Hi, [negroni] Started GET /queue/0bb391c331634212c89960887a977210 [negroni] Completed 401 Unauthorized in 86.306µs [heketi] INFO 2018/01/17 14:10:15 Creating brick 33a4e24986c6e32fe01e8954a8a7fdbf [heketi] INFO 2018/01/17 14:10:15 Creating brick eb70b6bb5883ecdee2251ec4aa6a95cf [heketi] INFO 2018/01/17 14:10:15 Creating brick ba36c08c06e4e3c93461c6394b7eff12 [sshexec] DEBUG 2018/01/17 14:10:15 /src/github.com/heketi/heketi/pkg/utils/ssh/ssh.go:176: Host: 192.168.1.7:22 Command: /bin/bash -c 'mkdir -p /var/lib/heketi/mounts/vg_0db132fd5508e6a3598e62a97fcf0e17/brick_eb70b6bb5883ecdee2251ec4aa6a95cf' This is output from my logs. And I am 100% sure that its not an older request, because it was a new environment and i only have 1 or 2 pvc request in the openshift cluster, not 50+. I don't have a test cluster available at the moment to try this on unfortunately.
(In reply to Takeshi Larsson from comment #7) > Hi, > > [negroni] Started GET /queue/0bb391c331634212c89960887a977210 > [negroni] Completed 401 Unauthorized in 86.306µs > [heketi] INFO 2018/01/17 14:10:15 Creating brick > 33a4e24986c6e32fe01e8954a8a7fdbf > [heketi] INFO 2018/01/17 14:10:15 Creating brick > eb70b6bb5883ecdee2251ec4aa6a95cf > [heketi] INFO 2018/01/17 14:10:15 Creating brick > ba36c08c06e4e3c93461c6394b7eff12 > [sshexec] DEBUG 2018/01/17 14:10:15 > /src/github.com/heketi/heketi/pkg/utils/ssh/ssh.go:176: Host: 192.168.1.7:22 > Command: /bin/bash -c 'mkdir -p > /var/lib/heketi/mounts/vg_0db132fd5508e6a3598e62a97fcf0e17/ > brick_eb70b6bb5883ecdee2251ec4aa6a95cf' > > This is output from my logs. And I am 100% sure that its not an older > request, because it was a new environment and i only have 1 or 2 pvc > request in the openshift cluster, not 50+. > > I don't have a test cluster available at the moment to try this on > unfortunately. Takashi, if there is one previously failed request exist, it can actually cause 50+ requests until it satisfy as it keep trying till the claim is satisfied. As you dont have a setup to reproduce this issue, I think we need to reopen this issue if someone hit this again. Unfortunately I am not able to reproduce this issue. What do you think ?

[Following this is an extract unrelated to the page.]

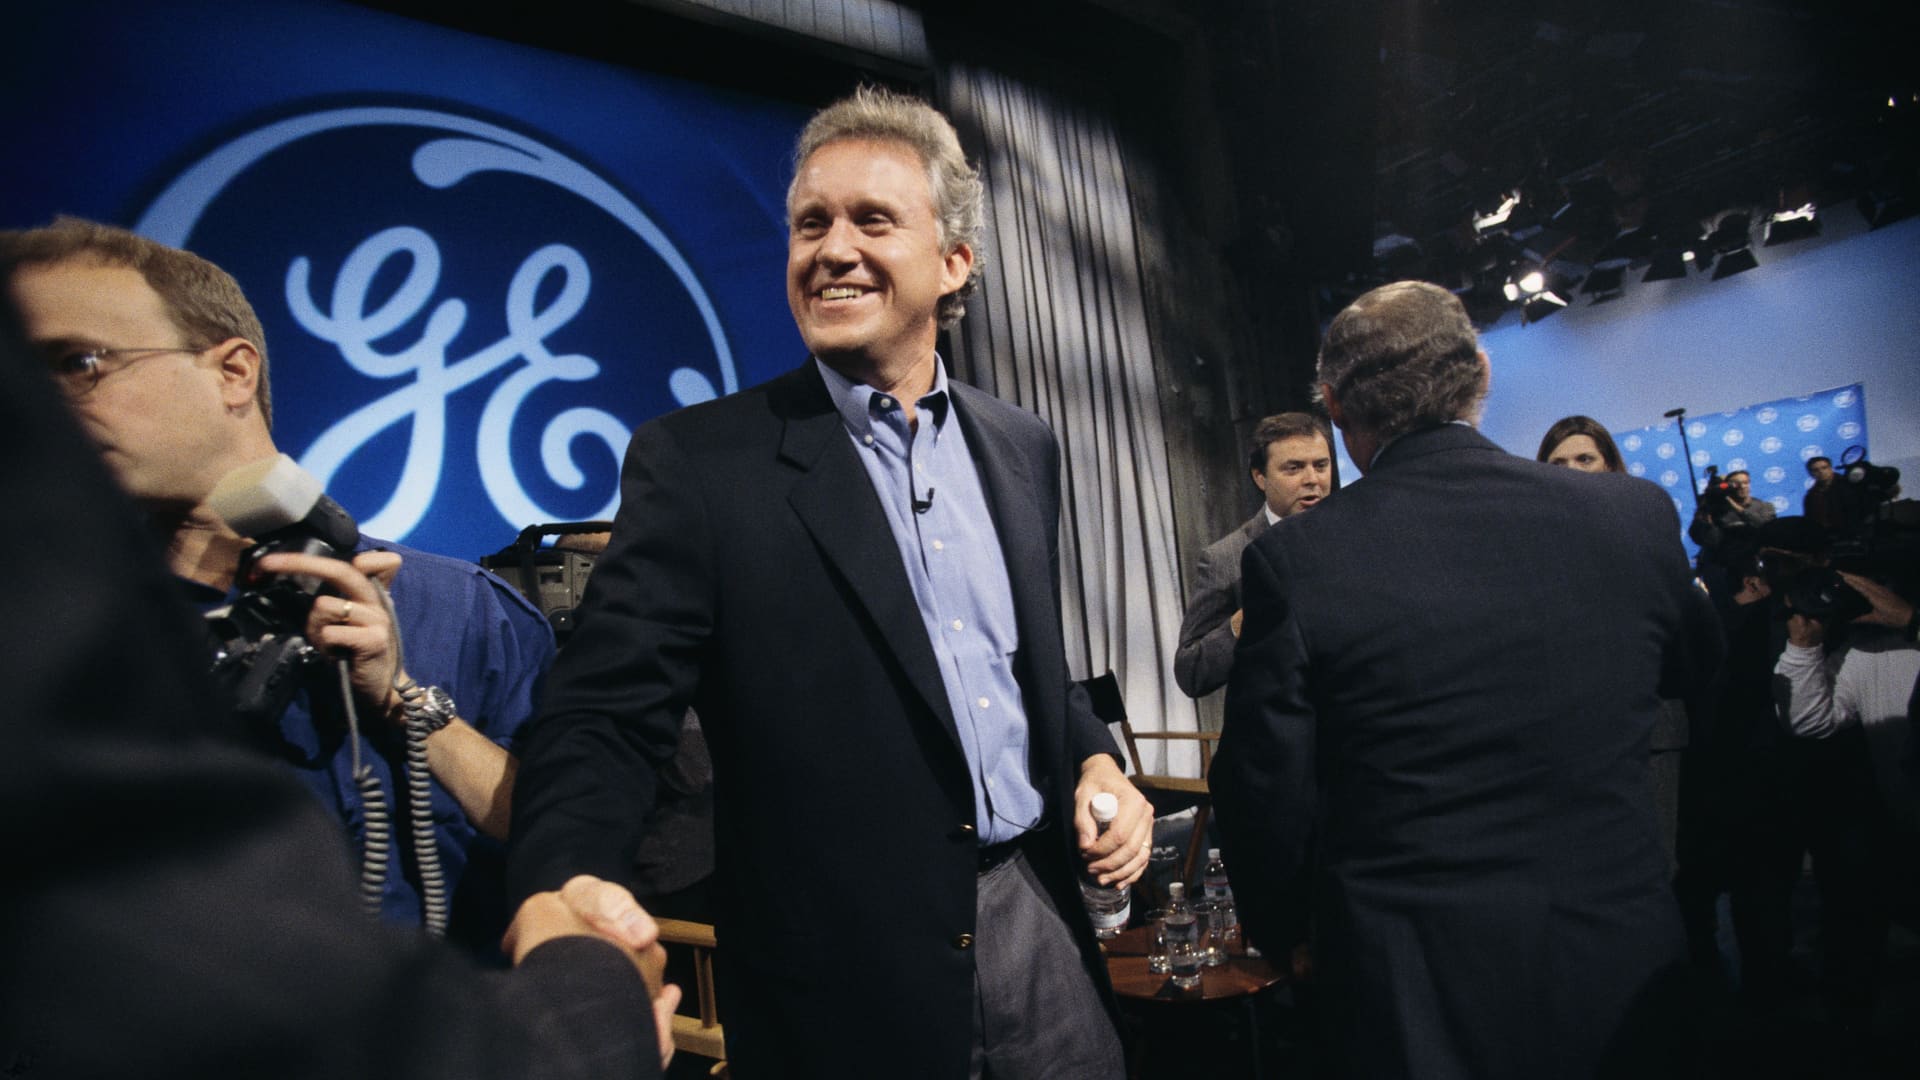 Robots taking jobs in five years is BS, says GE CEO Jeff Immelt

Alright, sure. I'll put this in my todo for now and reopen if I can recreate it. I did however reproduce this bug twice when I hit this issue first. Thanks for trying :)
(In reply to Takeshi Larsson from comment #9) > Alright, sure. I'll put this in my todo for now and reopen if I can recreate > it. > I did however reproduce this bug twice when I hit this issue first. > Thanks for trying :) But one thing to note here is, it could be also specific to the setup you mentioned. I see you have some configuration in cns-deploy where you mentioned admin and user key. I am also interested to know the Storageclass used for this PVC creation. Also, I see you referred CRS setups. so, I am not 100% sure there is no BUG. As said above, it could be specific to the setup you followed and may be if I follow the same I could also hit this. What I can do now is, I will remove the release flags from this bug and keep it open for some more time. If you are or I am able to hit it, we will revisit this bug. I need to check some more before I say there is A/NO bug.
This might be related to bz 1441708. We will most likely not be able to include a fix in cns-3.10, so I'm moving this out to cns-3.11 for re-review.